Family Notes

《家》笔记

  • ;笔名(1904-2005),巴金,Mikhail Bakunin and Peter Kropotkin, Russian anarchist revolutionaries.
  • 在法国(1927-28)留学两年。
  • 翻译家,《面包与自由》
  • 孝友传家 filial piety and friendship pass through families
  • Read 琴’s remark about Nora about to walk out on her husband; another case of intertextuality;
    • Picking up a New Youth magazine, she (Chin 琴) idly thumbed through a few pages. The following words caught her eye: ‘ … I believe that before all else I am a human being just as much as you are, or at least that I should try to become one. …I cannot be satisfied with what most people say. …I must think things for myself and try to get clear about them.’ Lines from Ibsen’s play A Doll’s House. (p.34)
    • Ibsen’s Nora seems to have proliferated into Zi Jun 子君 and Chin琴 and a variety of Chinese literary women who feel unhappy and unsatisfied with domestic life. Such cross-cultural fertilization of liberal ideas is already evident in Lu Xun’s Kong Yiji and Ah Q that are translations of Fukuzawa, Smith, Hegel, Collingwood, Herder. The unlikely heroes and heroines of the May Fourth literature echo and replicate Western discourses of Orientalism and Asiatic Society: hotbed for despotism, land of phallocentrism, ignorant and conservative.
  • All the more reason to familiarize ourselves with transmigration of ideas (or cultural influence studies).
  • Filial piety the corner stone of Confucianism as a form of political thought.

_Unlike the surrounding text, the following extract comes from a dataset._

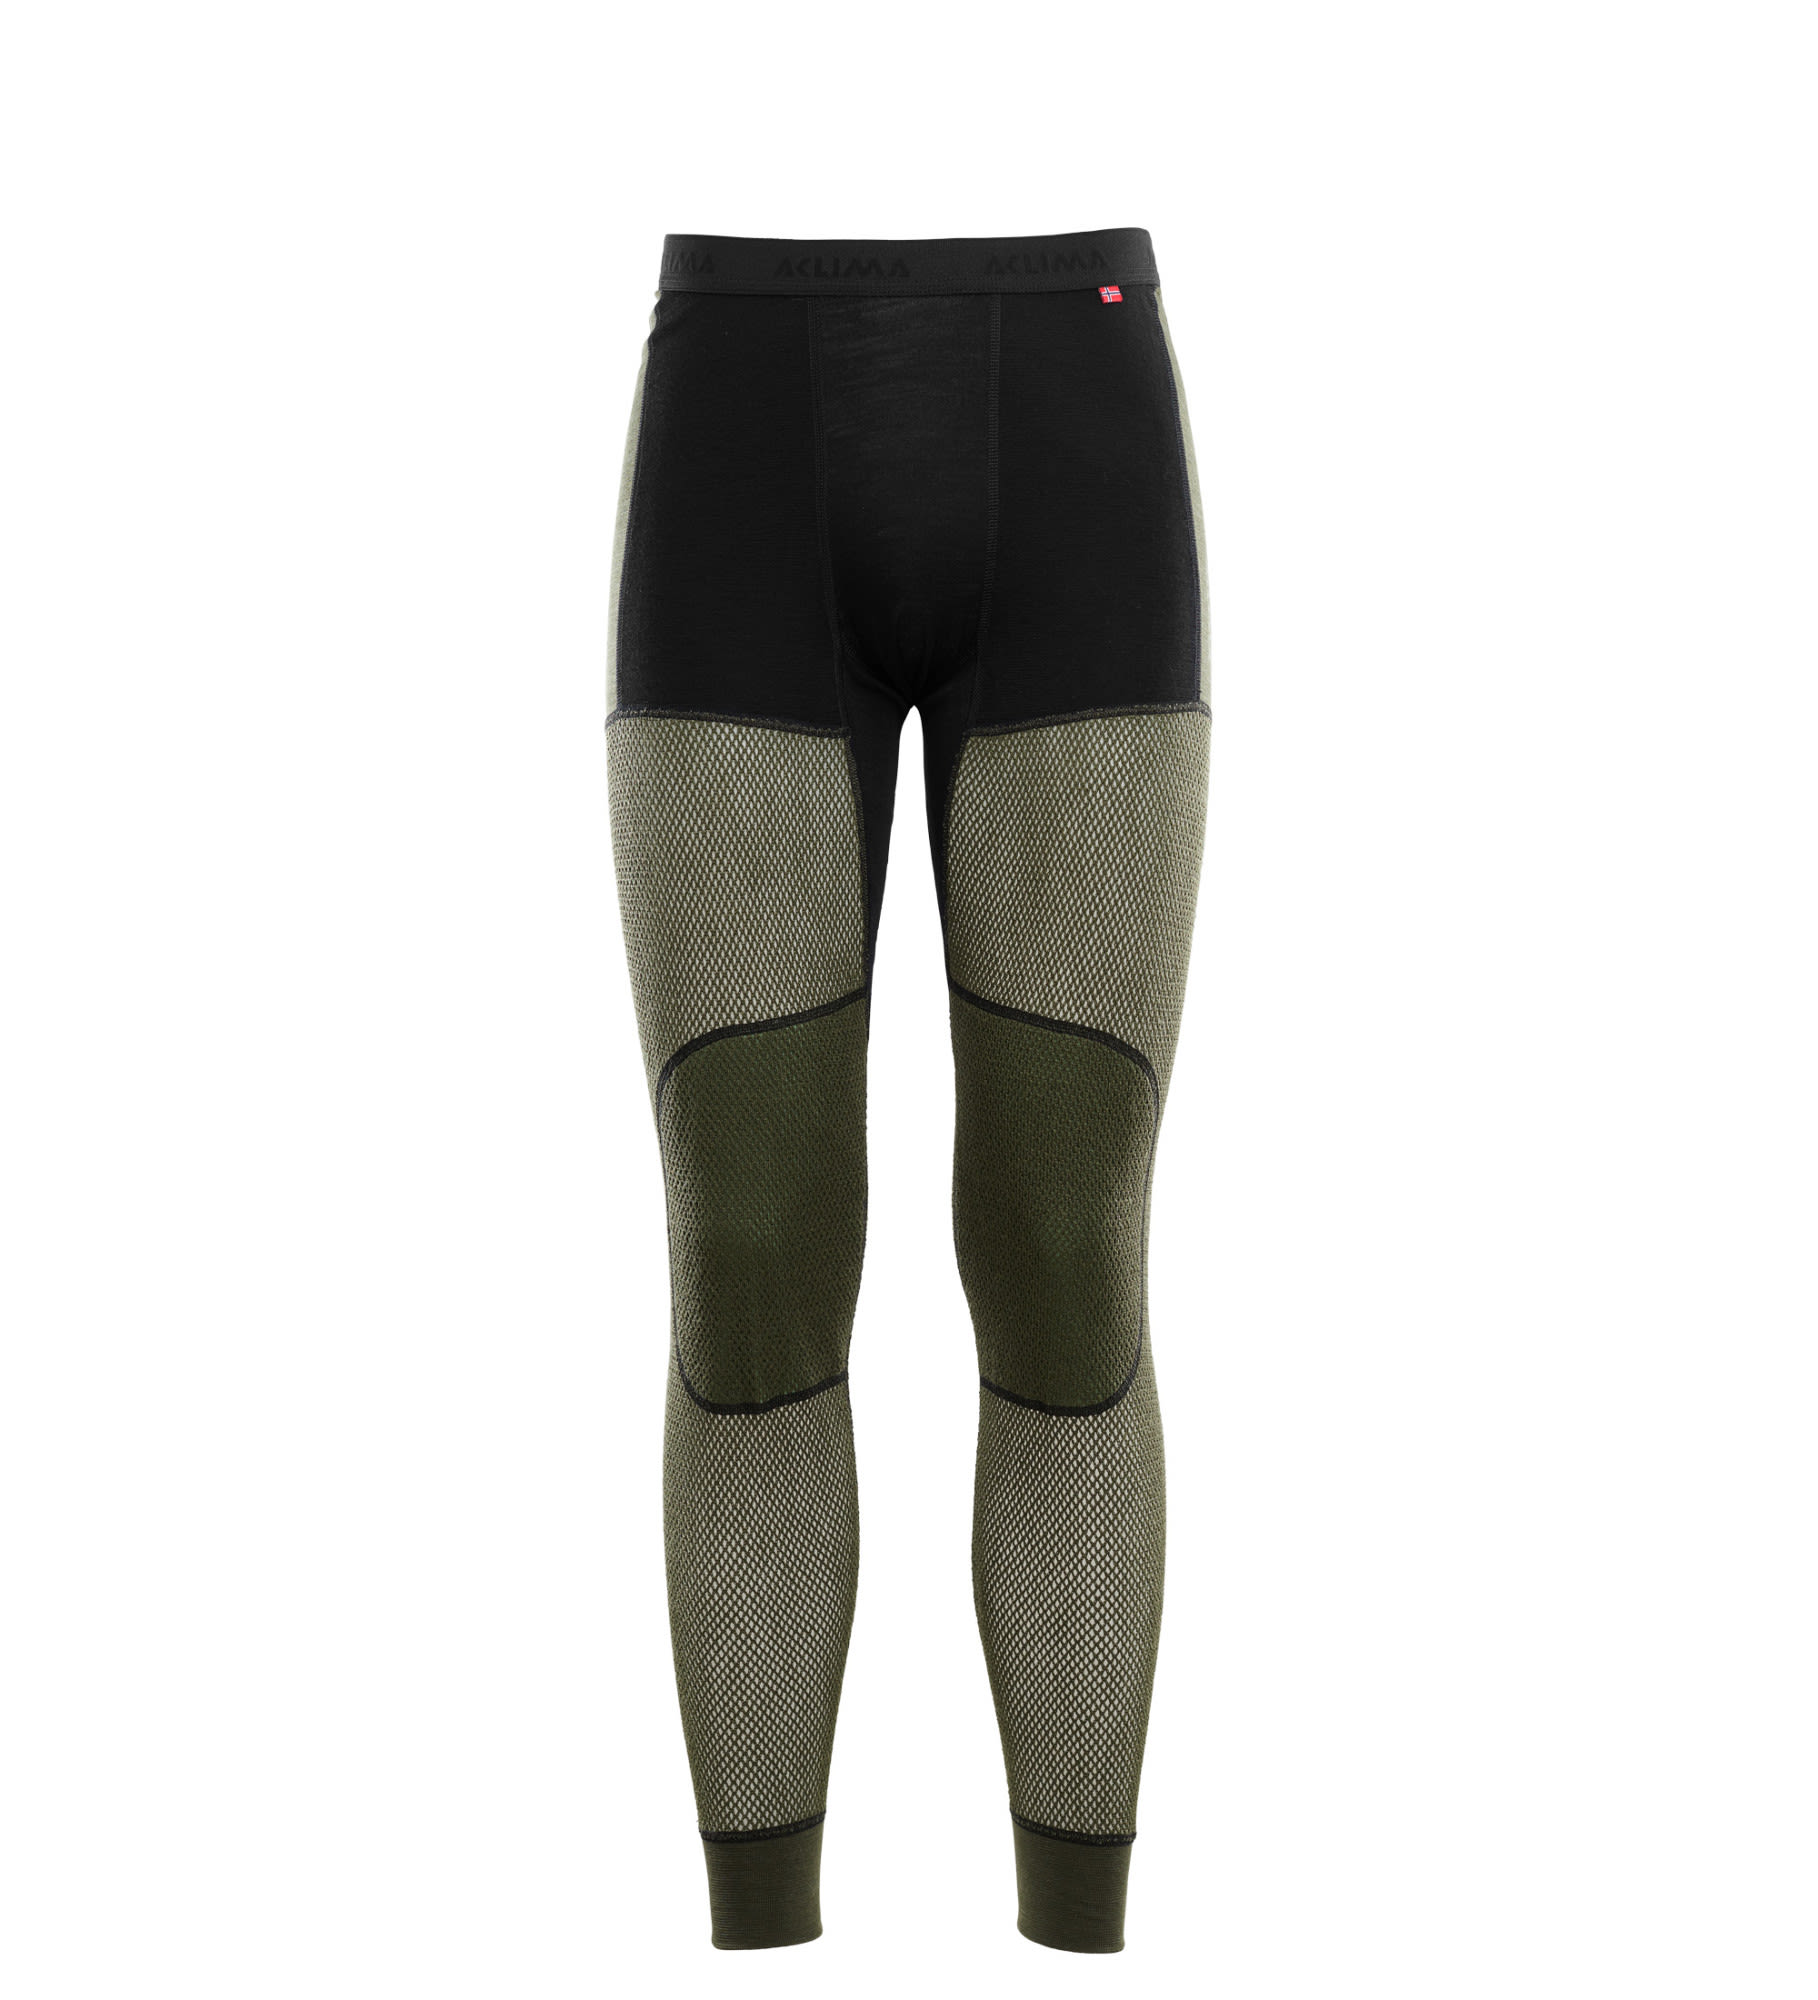 Aclima Woolnet Hybrid Long Pants Oliv- Male Merino Leggings und Tights- Grsse XS - Farbe Jet Black - Olive Night - Dill

    • Yeye, grandpa, and Feng Le-shan 冯乐山embody despotism and tyranny
    • Uncles corrupt and immoral, gambling, opium-smoking, having mistresses and extramarital affairs, hierarchical structure
    • Women 梅 Mei,琴 Chin,鸣凤 Ming Feng,瑞玉 Rui-yu,婉儿 Wan-er, being treated as second class citizens subservient to men, women as a trope or motif used to critique such traditions as bound-maids, child-bride, concubinage, arranged marriage;  
    • Three Gao brothers, 觉新,觉民,觉慧as stages of critical consciousness that May Fourth movement (1919); Jue Min, the second oldest of the three brothers, wrote this letter to Jue Xin and Jue Hui asking him to return, “After waiting so long, I frankly was very disappointed to get a letter like this from you. All you can say is—Come back, come back! As I write this, I am sitting in a little room like an escaped prisoner, not daring to go out for fear of being caught and brought back to my jail. The jail I mean is our home, and the jailers are the members of our family. They have banded together to destroy me without mercy.” (p.262)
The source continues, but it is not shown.